BAKERSFIELD — A former Kern County Sheriff’s deputy who was once assigned to the Rosamond substation, pleaded not guilty Monday in Kern County Superior Court, to an additional eight charges of inappropriate conduct while on duty, including stalking and sexual battery, bringing the total number of women who have made accusations against him, to five.

Michael Everett Clark, 31, was released on his own recognizance at the hearing by Judge Michael Bush after Clark’s attorney Kyle Humphrey, argued that Clark is no longer a member of law enforcement and had agreed to a criminal protective order, which bars him from contacting the alleged victims. 

Clark posted bail of $175,000 in the original case brought against him in October, after a 21-year-old woman told the Sheriff’s Office that Clark offered her a ride home from work in Rosamond before forcing himself on her in his patrol car. Clark later admitted to the woman he “violated” her consent during a phone call that was part of a follow-up investigation, according to a probable cause declaration.

Deputy District Attorney Stephanie Zigler had argued for additional bail, saying Clark committed the alleged acts under the color of law, using his position in law enforcement to gain the alleged victims’ trust. However, Bush said the original bail amount was sufficient for both the original and most recent charges.

The Kern County District Attorney’s Office says all of the newly-surfaced alleged incidents occurred over a period of months in 2019. In total, Clark is charged with nine felonies and two misdemeanors.

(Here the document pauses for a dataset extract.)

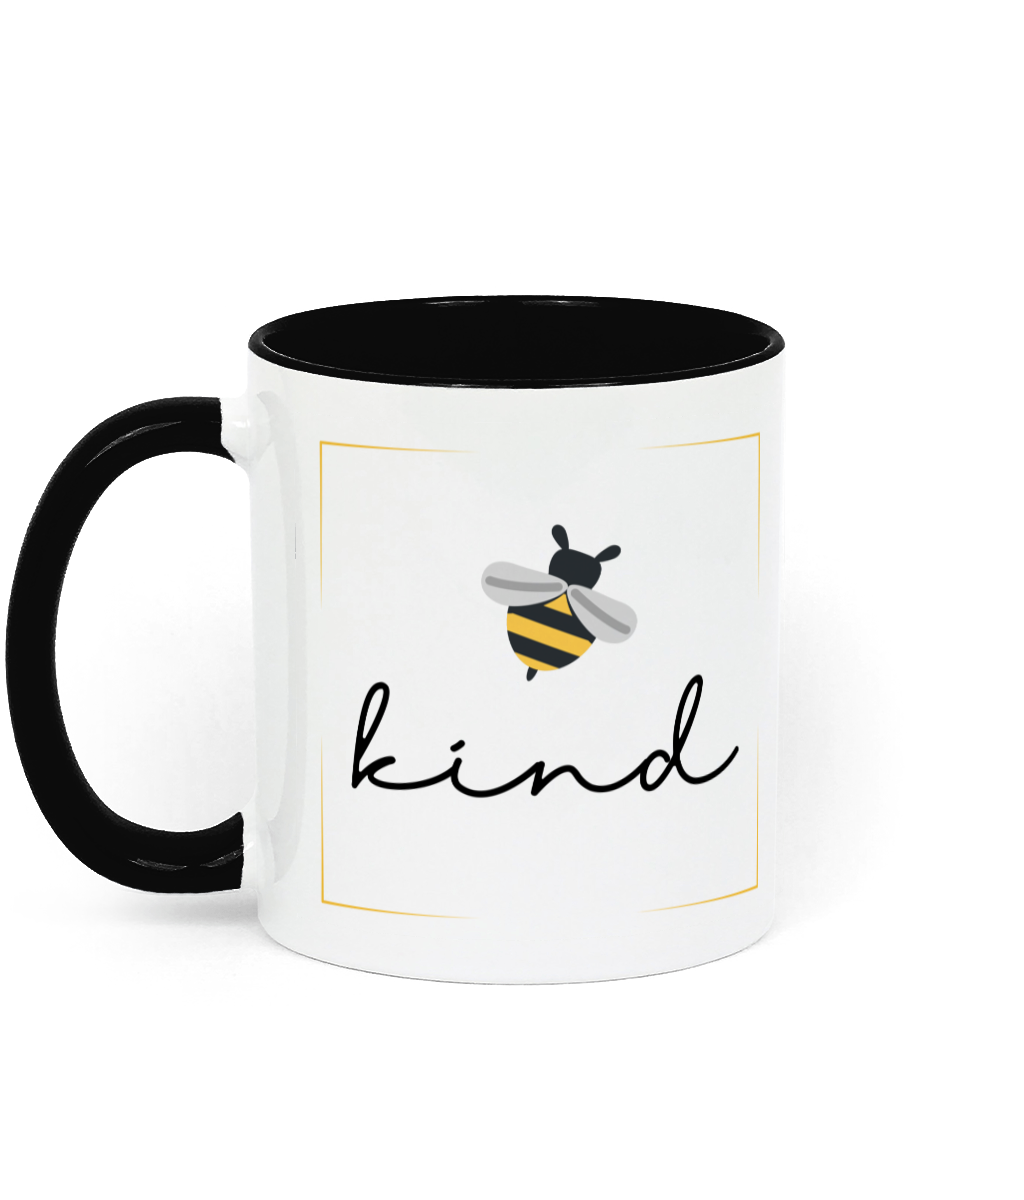 Be Kind Mug.11 oz mug. Daily Affirmations, Motivation, Inspiration. Perfect Gift. Two-toned. Black
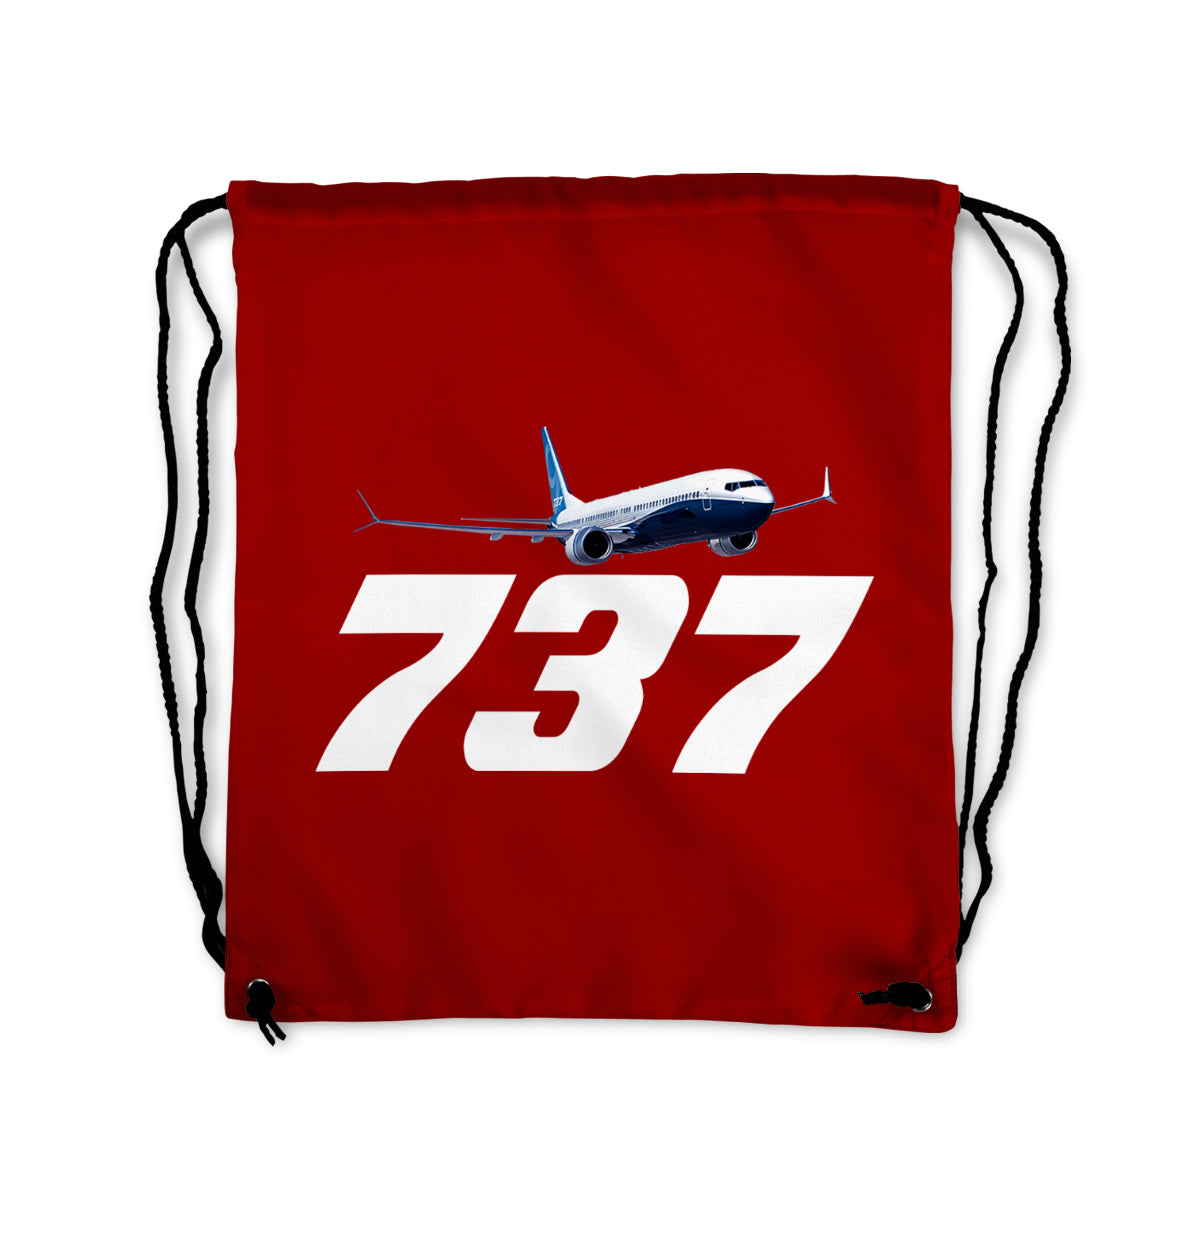 Super Boeing 737-800 Designed Drawstring Bags

Clark has pleaded not guilty to three felony charges related to the previously-reported incident.

He faces two additional charges of felony stalking, two counts of felony sexual battery, two counts of felony assault by a public officer and a misdemeanor charge for touching a person intimately against their will for arousal, along with another misdemeanor for obscene or threatening telephone calls.

While KBAK 29 reported in December, that Clark was no longer working for the Sheriff’s Office, the department could not confirm Clark’s employment status to The Californian on Friday.

In one of the newer allegations, a woman said Clark arrested her and then groped her genitals and breasts while she was handcuffed. Another woman said that after Clark responded to a call for service at her residence, he called and texted her in an attempt to start a sexual relationship.

One of the women appears to have filed a claim against Kern County relating to her alleged assault.

Although the Kern County District Attorney’s Office would not comment on the claim, the date and description of events match information in a claim filed on Feb. 13 of this year.

In a sworn statement included in the claim, the woman says Clark and two other deputies arrived at her home, shouting “probation sweep!” on Feb. 14, 2019. She said the deputies told her she was under arrest and placed her in handcuffs.

The sweep occurred after the woman’s boyfriend had filed a claim against several sheriff’s deputies alleging harassment, and the woman said she believed the deputies hoped to intimidate her from testifying on behalf of her boyfriend.

The woman said Clark took her to his patrol car by himself for another search. During the search, the claim says the woman was “touched, rubbed, stroked, grabbed, groped, fondled, and/or molested” in her private areas.

Later, the woman said she was driven to the sheriff’s downtown receiving facility and left inside the patrol car for 20 minutes with the windows up and the heater set at the maximum level.

When the woman requested the “uncomfortable situation” be fixed, she says a deputy swore at her and laughed. She claims she was held for around 38 hours at the central receiving facility without food or water even though she informed officials she had hypoglycemia, a condition caused by low blood sugar.

She said she believes her treatment was intended to intimidate her, and that if she spoke out she would be subjected to intensified harassment.

“We are alleging that there was a complete abuse of power by Deputy Michael Clark,” Danay Gonzalez, an attorney representing the claimant, wrote in an email to The Californian. “It is our information that he sexually assaulted, harassed, and intimated our client while he was in uniform, on the clock, and on the taxpayer’s dime. There is plenty of evidence to support this.”